Figure 4. GAS6 expressed by the osteoblastic niche controls the conversion of DTCs to CSCs through mTOR signaling.

(A) The % of CSCs by flow cytometry in PC3 cells co-cultured with osteoblasts from GAS6^+/+ (WT) and GAS6^−/− (GAS6KO) mice (Student's t-test). (B) PC3 cells (1 × 10⁴ cells per 10 μL) were placed directly into vertebral bodies (vossicles) derived from WT and GAS6KO mice and transplanted into immunodeficient mice (n = 6).

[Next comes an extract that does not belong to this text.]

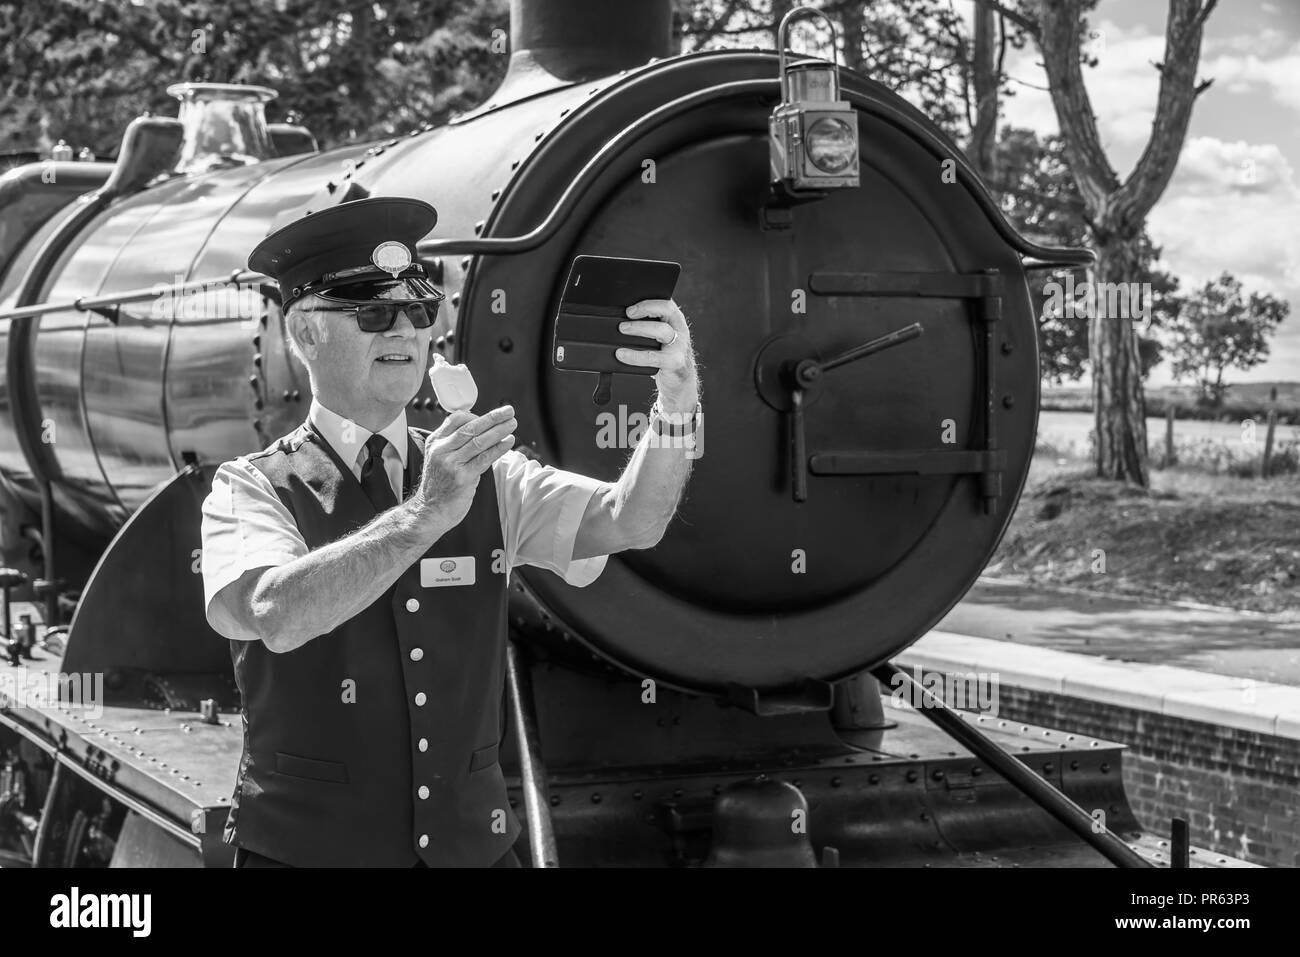 Gloucestershire Warwickshire Railway - Stock Image

At 1 month, the vossicles were dissected, and the expression of CSCs by prostate cancer was evaluated by immunohistochemistry. (60× Zoom 2.5, Bar = 20 μm). Arrows denote CSCs. (C) Quantitative analysis of CSC staining in Figure 4B. The CD133⁺CD44⁺ cells within six randomly selected representative images per group were counted, and then normalized with total numbers of cells. *p < 0.05 vs. CSCs in WT vossicle (Student's t-test). (D) Activation of mTOR signaling with GAS6 treatment in prostate cancer. (E) Activation of mTOR signaling with GAS6 treatment in prostate cancer in the presence/absence of mTOR inhibitors (Rapamycin, 13346, Cayman Chemical; and pp242, 13643, Cayman Chemical).